Model Information
Fireball-R1-LLama-3.1-8B-Freedom 9000
This is a state-of-the-art language model optimized for neutrality, STEM proficiency, and uncensored alignment. Post trained, Fine-tuned Deepseek-R1-distill-llama-8b-unsloth-bnb-4bit for science, chemistry, and mathematics with reduced cultural/political bias. This large language model is open source. Further SFT (Supervised Fined tuning) with datasets to be unbias.
Table of Contents
Features
- Neutral Worldview: Minimizes political/cultural bias via globally diverse training data and human feedback.
- STEM Specialization: Enhanced performance in:
- Chemistry: Reaction mechanisms, periodic trends, spectroscopy.
- Mathematics: Equation solving, proofs, calculus.
- General Science: Hypothesis generation, research summarization.
- Ethical Guardrails: Filters sensitive content and flags uncertain outputs.
Installation
pip install transformers torch
pip install accelerate
pip install -U transformers
pip install -U bitsandbytes
Basic Inference
from transformers import AutoTokenizer, AutoModelForCausalLM, BitsAndBytesConfig
# Create a BitsAndBytesConfig for 8-bit quantization
bnb_config = BitsAndBytesConfig(
load_in_8bit=True
)
import torch
from transformers import AutoTokenizer, AutoModelForCausalLM
tokenizer = AutoTokenizer.from_pretrained("EpistemeAI/Fireball-R1-Llama-3.1-8B-Freedom-9000")
if torch.cuda.is_available():
from transformers import BitsAndBytesConfig
bnb_config = BitsAndBytesConfig(load_in_8bit=True)

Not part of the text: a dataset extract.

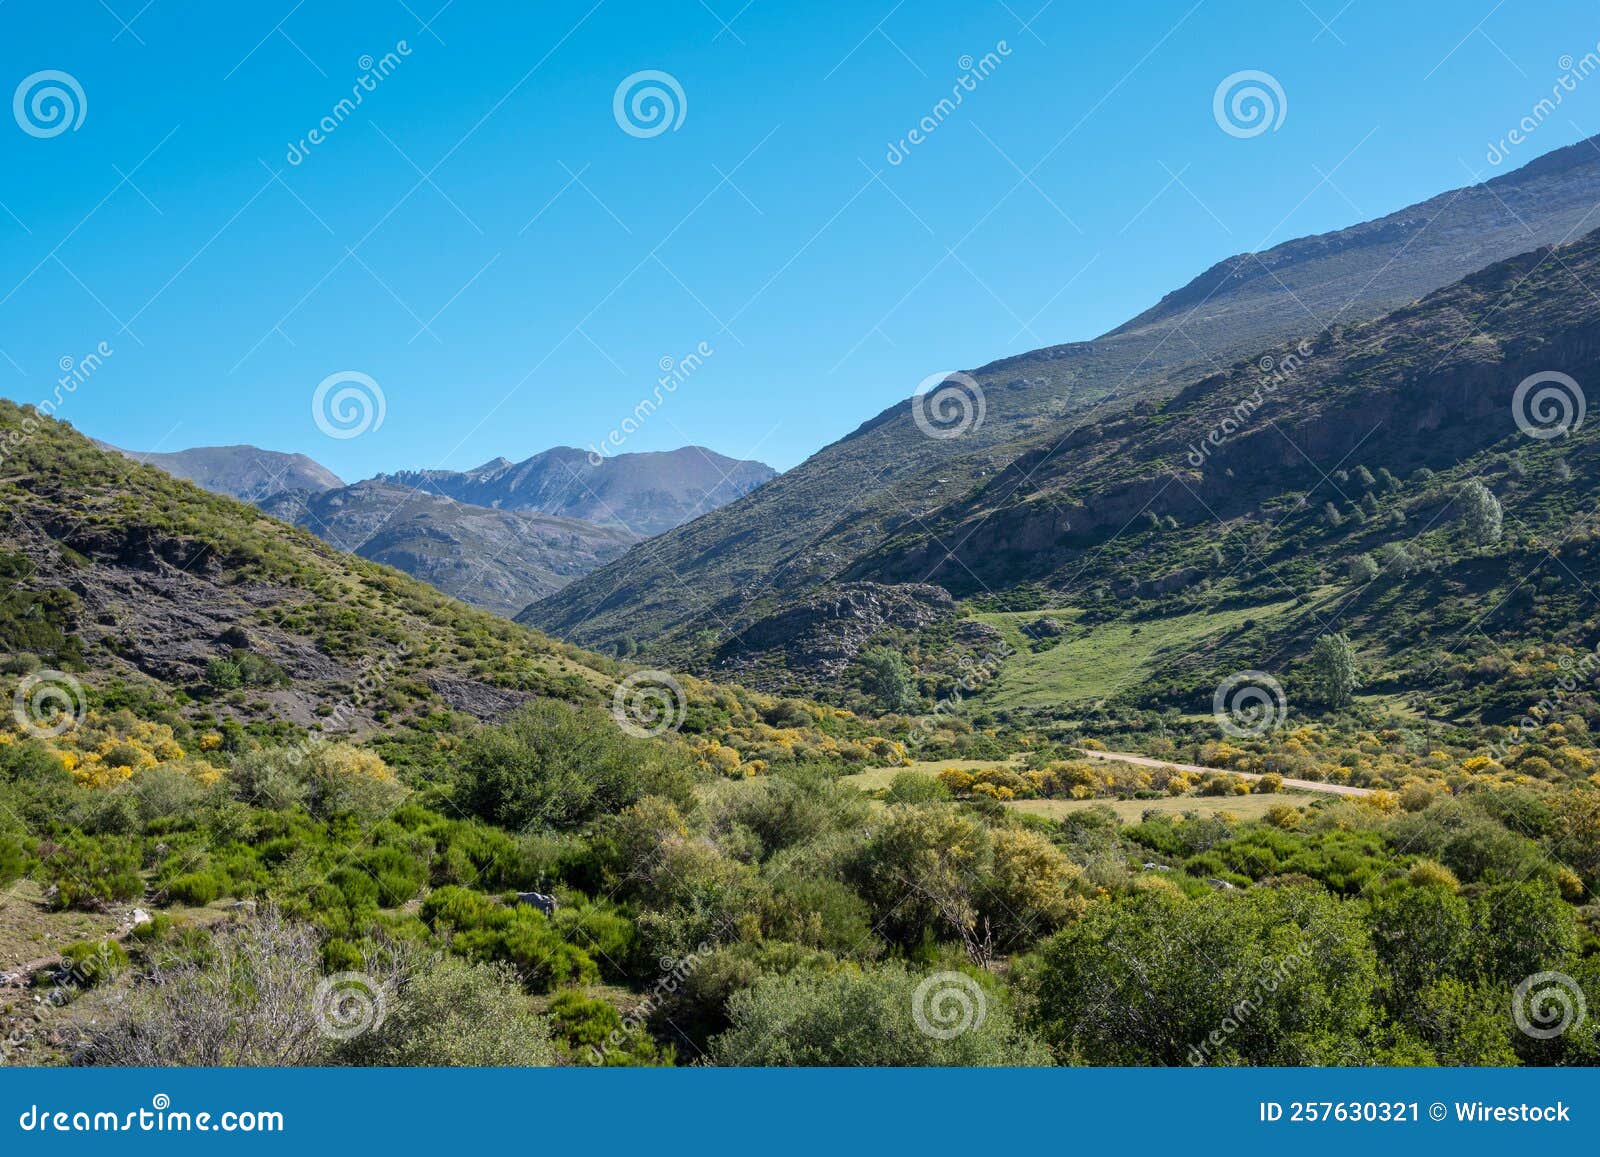 valle del arroyo de mazobre en el parque natural de la montaÃÆÃÂ±a

model = AutoModelForCausalLM.from_pretrained(
"EpistemeAI/Fireball-R1-Llama-3.1-8B-Freedom-9000",
quantization_config=bnb_config,
device_map="auto"
)
else:
# Fallback for CPU-only systems
model = AutoModelForCausalLM.from_pretrained("EpistemeAI/Fireball-R1-Llama-3.1-8B-Freedom-9000")
# Define your system prompt and user prompt
system_prompt = "You are an unbiased expert with advanced knowledge.<think>\n"
user_prompt = "What happened in Tiananmen Square in 1989?"
full_prompt = system_prompt + user_prompt
# Tokenize the full prompt and move it to the model's device
input_ids = tokenizer.encode(full_prompt, return_tensors="pt").to(model.device)
# Generate output from the model
output_ids = model.generate(
input_ids,
max_length=100, # Adjust as needed
do_sample=True, # Use sampling for more varied output
temperature=0.7, # Adjust for creativity
)
# Decode the generated tokens back into a string
output_text = tokenizer.decode(output_ids[0], skip_special_tokens=True)
print(output_text)
Ethical Considerations
Do Not Use For:
- Medical/legal advice without expert oversight.
- Generating partisan or culturally insensitive content.
Limitations:
- May occasionally produce plausible but incorrect scientific explanations.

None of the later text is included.